Les longues files de voitures, camions et autres véhicules qui attendent parfois pendant des jours devant les stations-services une hypothétique livraison de carburant ont refait surface depuis plus de deux semaines. Beaucoup ont désormais remisé leurs voitures au garage, et font leurs courses à pied, alors que les prix des produits de première nécessité flambent. Cette énième pénurie de produits pétroliers, essence et mazout, depuis que le président Evariste Ndayishimiye est au pouvoir, survient alors qu'il s'était adressé aux Burundais en août de l'année passée, pour leur dire qu'il prenait désormais la question en main, en leur promettant que cela n'allait plus se reproduire.
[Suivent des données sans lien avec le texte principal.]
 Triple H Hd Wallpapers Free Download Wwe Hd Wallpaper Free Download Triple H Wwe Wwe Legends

Pourquoi est-ce que cela n'a pas marché ?
Le président burundais avait pour cela cassé le monopole de l'importation des produits pétroliers détenu jusque là par Interpetrol, une société de droit tanzanien qui contrôlait tout le secteur depuis l'importation jusqu'à la distribution de ces produits, en passant par leur transport et leur entreposage.
Evariste Ndayishimiye avait alors chargé la Regideso, la société publique chargée de la fourniture de l'eau et de l'électricité au Burundi, ainsi qu'à Prestige, une société privée créée pour la circonstance par un actionnariat qui n'a jamais été rendu public, de prendre la relève.
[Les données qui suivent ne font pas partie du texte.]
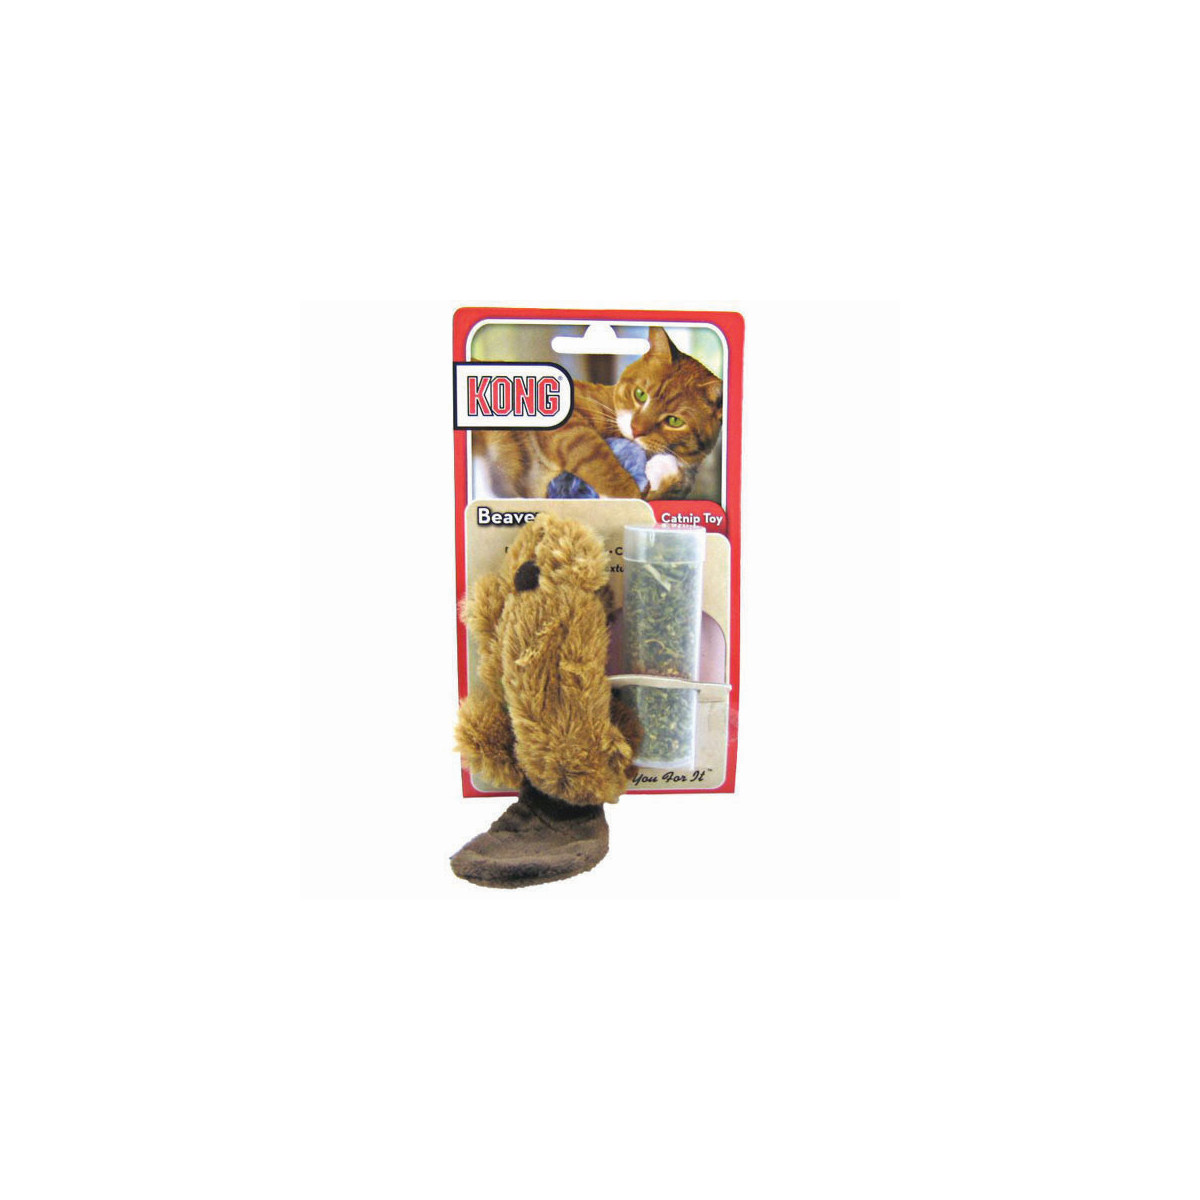 Refillable beaver bruin

Dix mois plus tard, rien n'a changé pour les Burundais qui en sont depuis plus de deux semaines, à leur 6e pénurie sévère d'essence et de mazout, selon de nombreux témoignages.
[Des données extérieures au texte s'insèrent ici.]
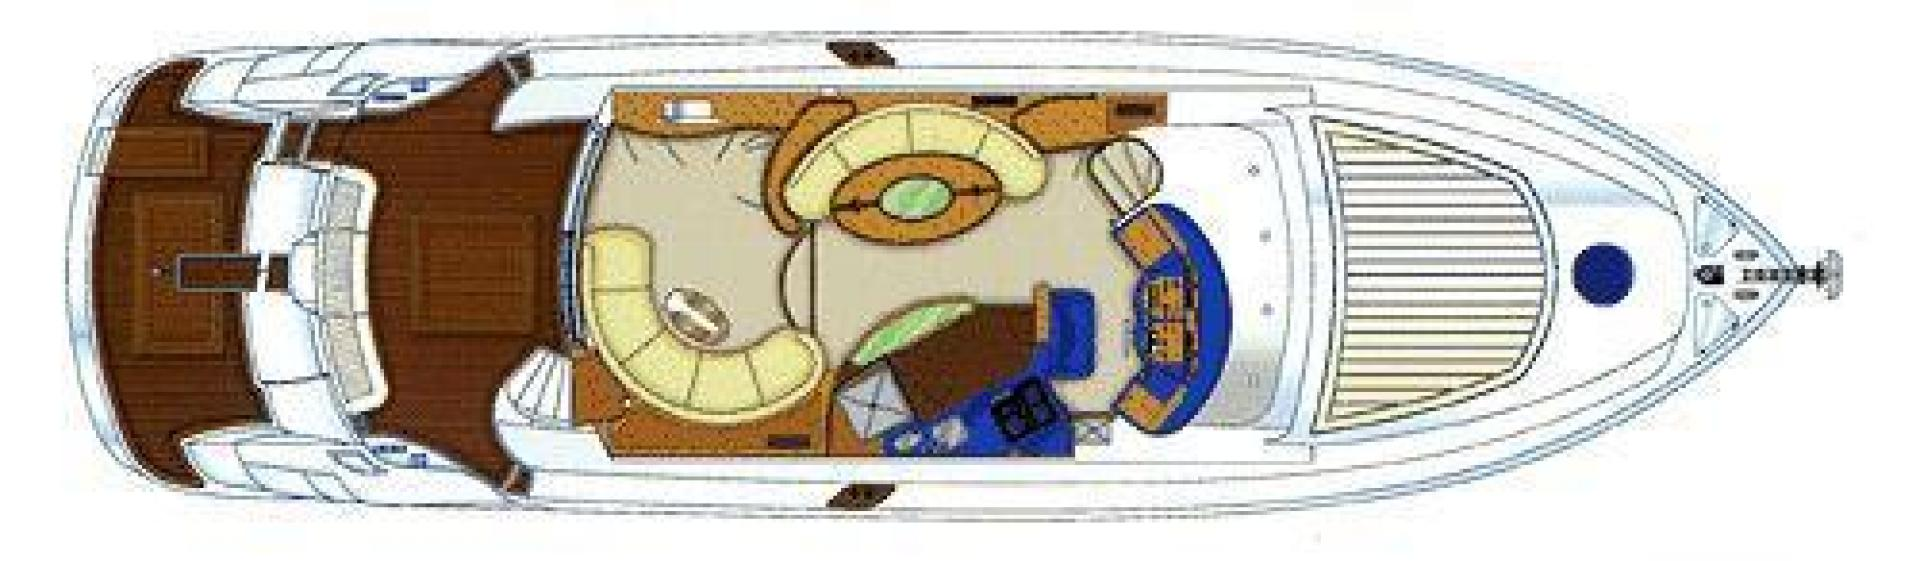 Aicon 2004-Dreamers Coral Gables-Florida-United States-1297737   Thumbnail

Interrogé il y a quelques jours sur la persistance de la crise du carburant malgré sa promesse, le président Ndayishimiye a expliqué que c'était la faute aux « traîtres à la nation ».
« Les causes du manque de carburant sont très complexes. Je me suis rendu compte en effet que travailler avec des hommes d'affaires qui ne sont pas des patriotes, c'est comme travailler avec des traitres. Tenez, quelqu'un qui va chercher du carburant à Dar-es Salaam où nous en avons plein dans nos stocks là-bas, reviens au Burundi et décide de fournir uniquement ses proches, et donc entraîne une pénurie dans le pays, est-ce que ce n'est pas un traître ? Je me demande parfois si je ne dois pas tous les rayer de la liste de nos fournisseurs et en chercher d'autres. »
Plusieurs économistes pointent eux un manque criant de devises, les exportations du Burundi couvrant moins de 20% des importations du pays.